# Milan: Li a New York per trattare con Commisso



## admin (4 Luglio 2018)

Ultime news da Tobia De Stefano di Libero sul futuro societario del Milan. Yonghong Li è New York insieme al nuovo advisor per trattare la cessione del Milan con Commisso. Entro venerdì Li dovrà restituire i 32 milioni ad Elliott. Difficile che anche in questa occasione Li possa scappare.

Seguiranno aggiornamenti


----------



## Ragnet_7 (4 Luglio 2018)

Admin ha scritto:


> Ultime news da Tobia De Stefano di Libero sul futuro societario del Milan. Yonghong Li è New York insieme al nuovo advisor per trattare la cessione del Milan con Commisso. Entro venerdì Li dovrà restituire i 32 milioni ad Elliott. Difficile che anche in questa occasione Li possa scappare.
> 
> Seguiranno aggiornamenti



Se è così non ha trovato i soldi.


----------



## zamp2010 (4 Luglio 2018)

se e cosi si chiude a presto


----------



## Naruto98 (4 Luglio 2018)

Admin ha scritto:


> Ultime news da Tobia De Stefano di Libero sul futuro societario del Milan. Yonghong Li è New York insieme al nuovo advisor per trattare la cessione del Milan con Commisso. Entro venerdì Li dovrà restituire i 32 milioni ad Elliott. Difficile che anche in questa occasione Li possa scappare.
> 
> Seguiranno aggiornamenti



Non lo voglio nemmeno al 30% questo gambler.


----------



## goleador 70 (4 Luglio 2018)

Lo sapevo che non li aveva i 32 milioni


----------



## goleador 70 (4 Luglio 2018)

zamp2010 ha scritto:


> se e cosi si chiude a presto



.


----------



## 7vinte (4 Luglio 2018)

Admin ha scritto:


> Ultime news da Tobia De Stefano di Libero sul futuro societario del Milan. Yonghong Li è New York insieme al nuovo advisor per trattare la cessione del Milan con Commisso. Entro venerdì Li dovrà restituire i 32 milioni ad Elliott. Difficile che anche in questa occasione Li possa scappare.
> 
> Seguiranno aggiornamenti



Il sogno resta uno sceicco... ma sarebbe un passo avanti. Speriamo bene...


----------



## admin (4 Luglio 2018)

Admin ha scritto:


> Ultime news da Tobia De Stefano di Libero sul futuro societario del Milan. Yonghong Li è New York insieme al nuovo advisor per trattare la cessione del Milan con Commisso. Entro venerdì Li dovrà restituire i 32 milioni ad Elliott. Difficile che anche in questa occasione Li possa scappare.
> 
> Seguiranno aggiornamenti



Se Commisso domani compra il Milan, IERI deve cambiare tutto: dirigenti e allenatori. E' una cosa vitale.


----------



## Djici (4 Luglio 2018)

Naruto98 ha scritto:


> Non lo voglio nemmeno al 30% questo gambler.

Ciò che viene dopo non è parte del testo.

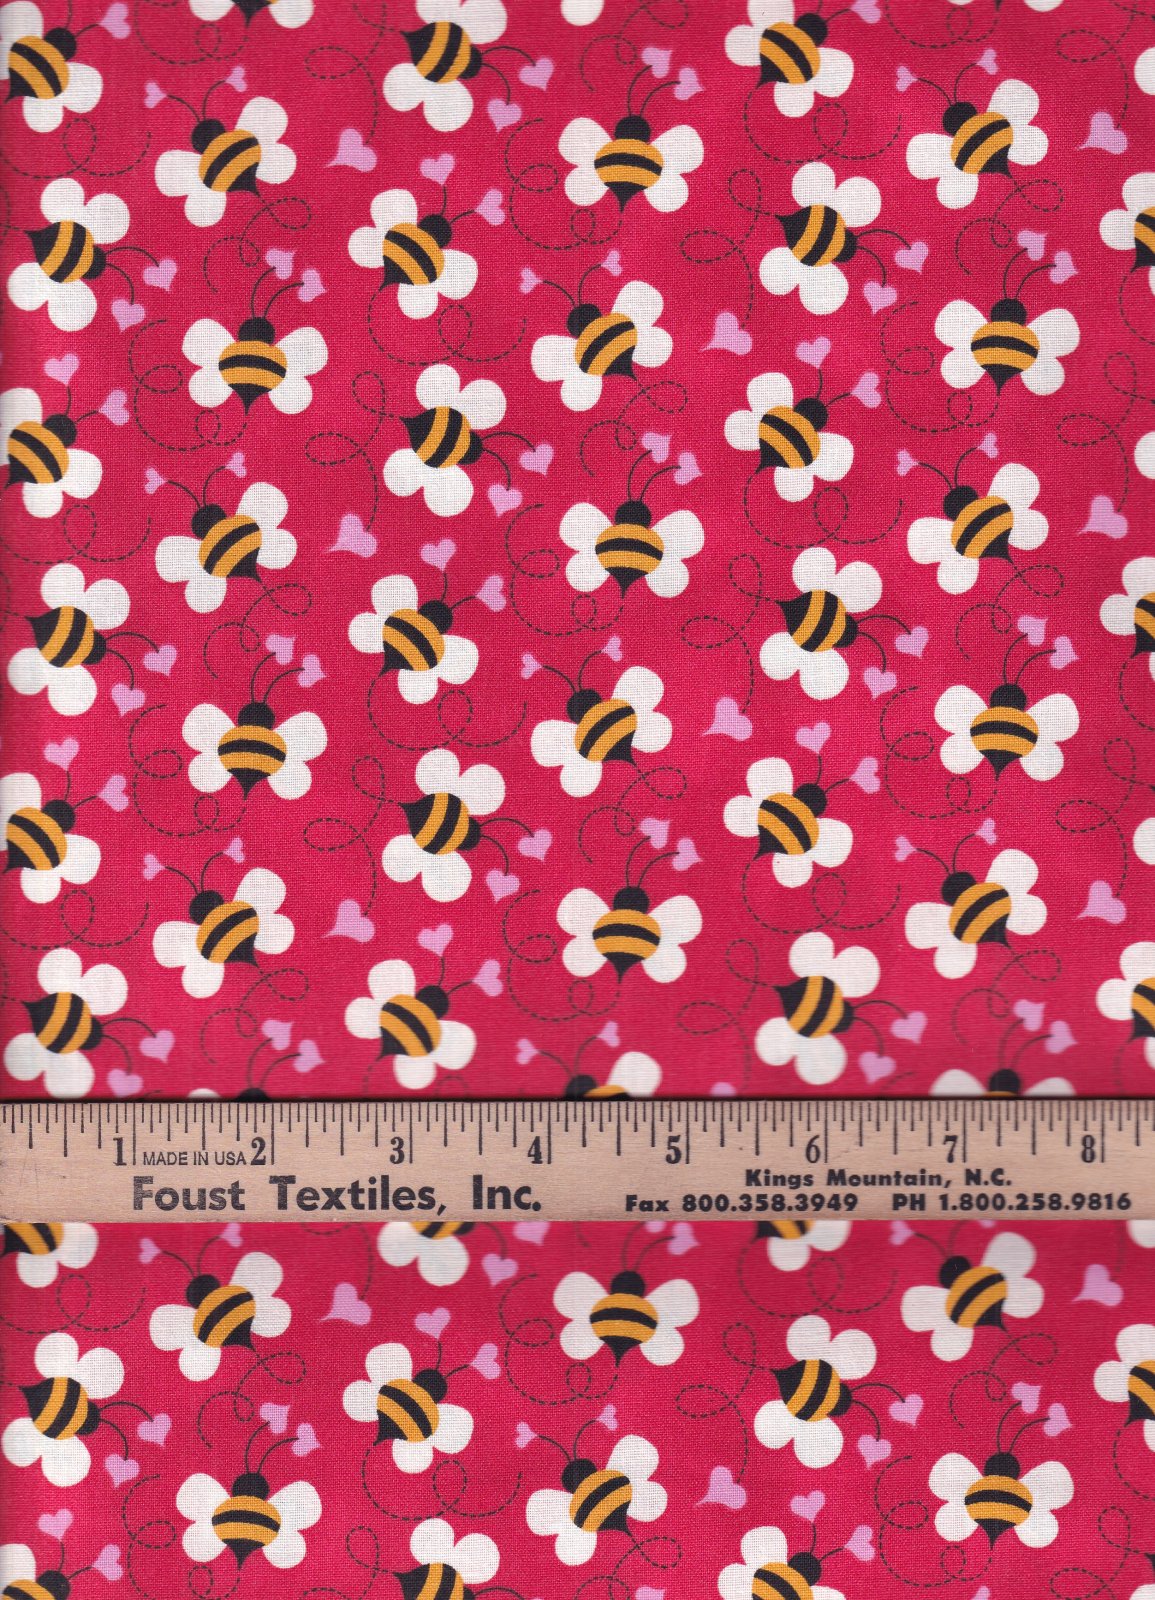 44 x 36 Valentine Bees Buzzing in Love Red Fabric Traditions 100% Cotton

Provasse a tornare a San Siro questo rischia la pelle...


----------



## Super_Lollo (4 Luglio 2018)

Siamo alla prova dei fatti, o vende domani o perde tutto


----------



## GP7 (4 Luglio 2018)

Admin ha scritto:


> Se Commisso domani compra il Milan, IERI deve cambiare tutto: dirigenti e allenatori. E' una cosa vitale.

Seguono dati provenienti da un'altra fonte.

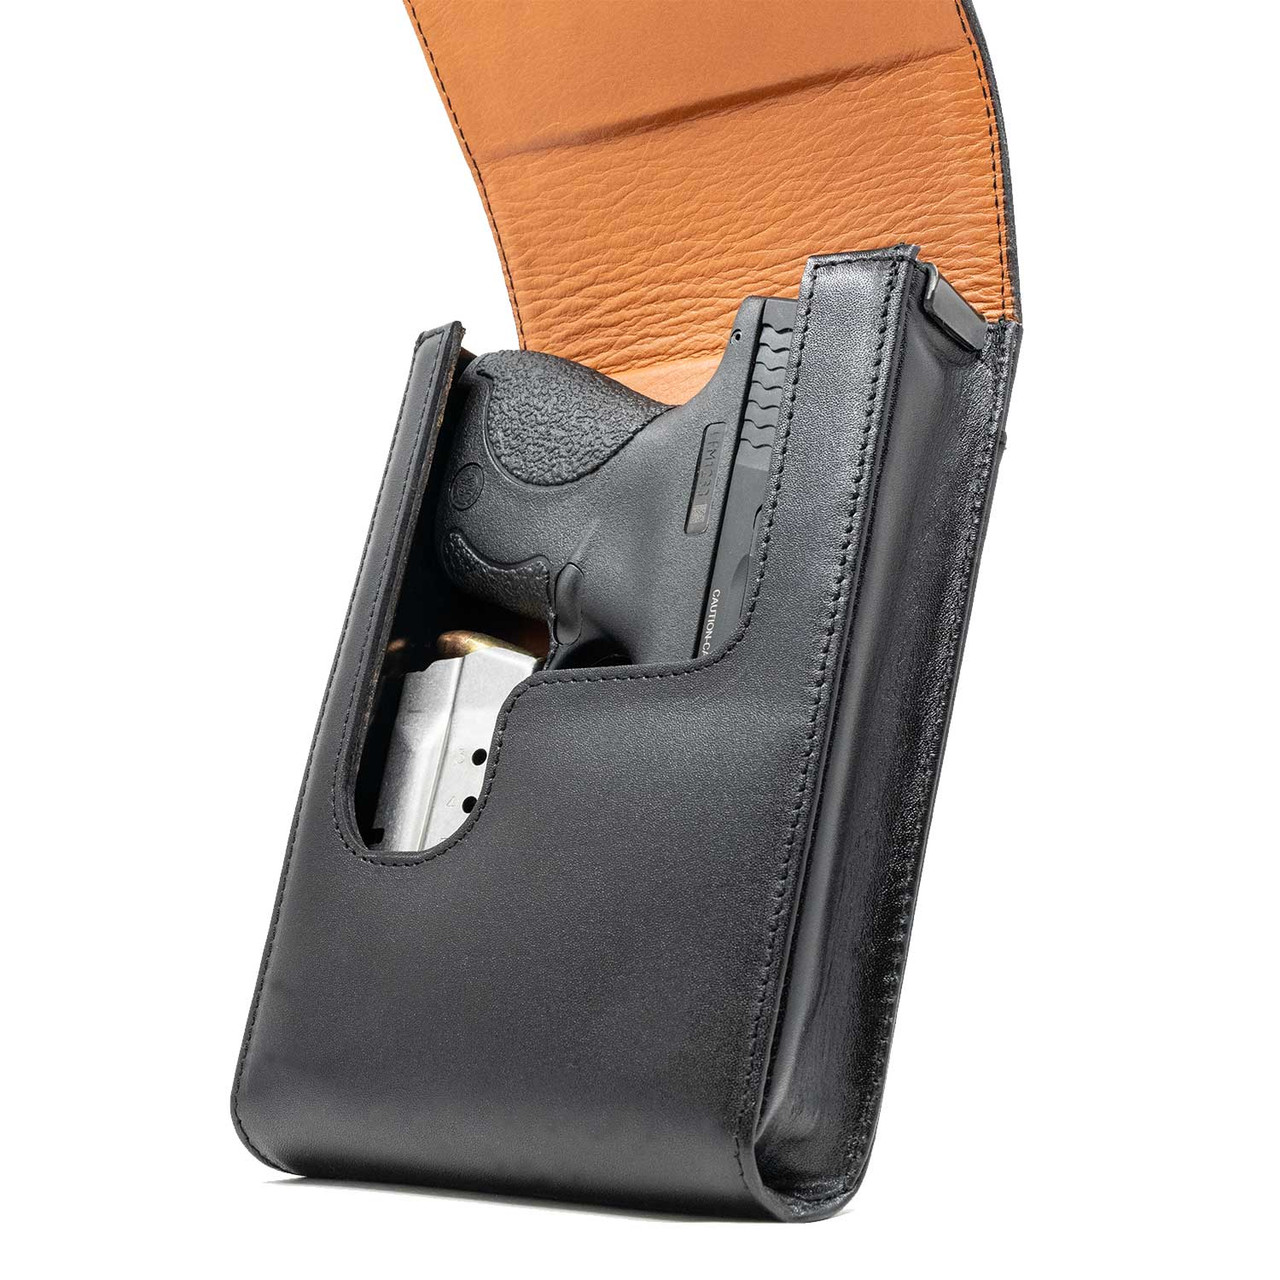 The Ruger LCP II Xtra Mag Black Leather Holster

Soprattutto non deve avere alcuna pietà verso i fratelli calabresi
Mirabelli va fermato al più presto.


----------



## Freddiedevil (4 Luglio 2018)

Admin ha scritto:


> Ultime news da Tobia De Stefano di Libero sul futuro societario del Milan. Yonghong Li è New York insieme al nuovo advisor per trattare la cessione del Milan con Commisso. Entro venerdì Li dovrà restituire i 32 milioni ad Elliott. Difficile che anche in questa occasione Li possa scappare.
> 
> Seguiranno aggiornamenti



Se finalmente è uscito davvero da quel buco fetido della sua casa sperduta in Cina...forse qualche speranza c'è stavolta...


----------



## Djici (4 Luglio 2018)

Admin ha scritto:


> Se Commisso domani compra il Milan, IERI deve cambiare tutto: dirigenti e allenatori. E' una cosa vitale.



Se non cambia i dirigenti questo e meglio che rimanga in America.
E vale per qualsiasi altro futuro proprietario.


----------



## Davidoff (4 Luglio 2018)

E' prioritario che si chiuda prima dell'acquisto di Zaza e si sostituisca seduta stante quell'incapace di Mirabelli.


----------



## Kaketto (4 Luglio 2018)

Djici ha scritto:


> Se non cambia i dirigenti questo e meglio che rimanga in America.
> E vale per qualsiasi altro futuro proprietario.



Se dovesse arrivare un proprietario nuovo e si tengono sti due scappati di casa e' finita.


----------



## Ragnet_7 (4 Luglio 2018)

Admin ha scritto:


> Se Commisso domani compra il Milan, IERI deve cambiare tutto: dirigenti e allenatori. E' una cosa vitale.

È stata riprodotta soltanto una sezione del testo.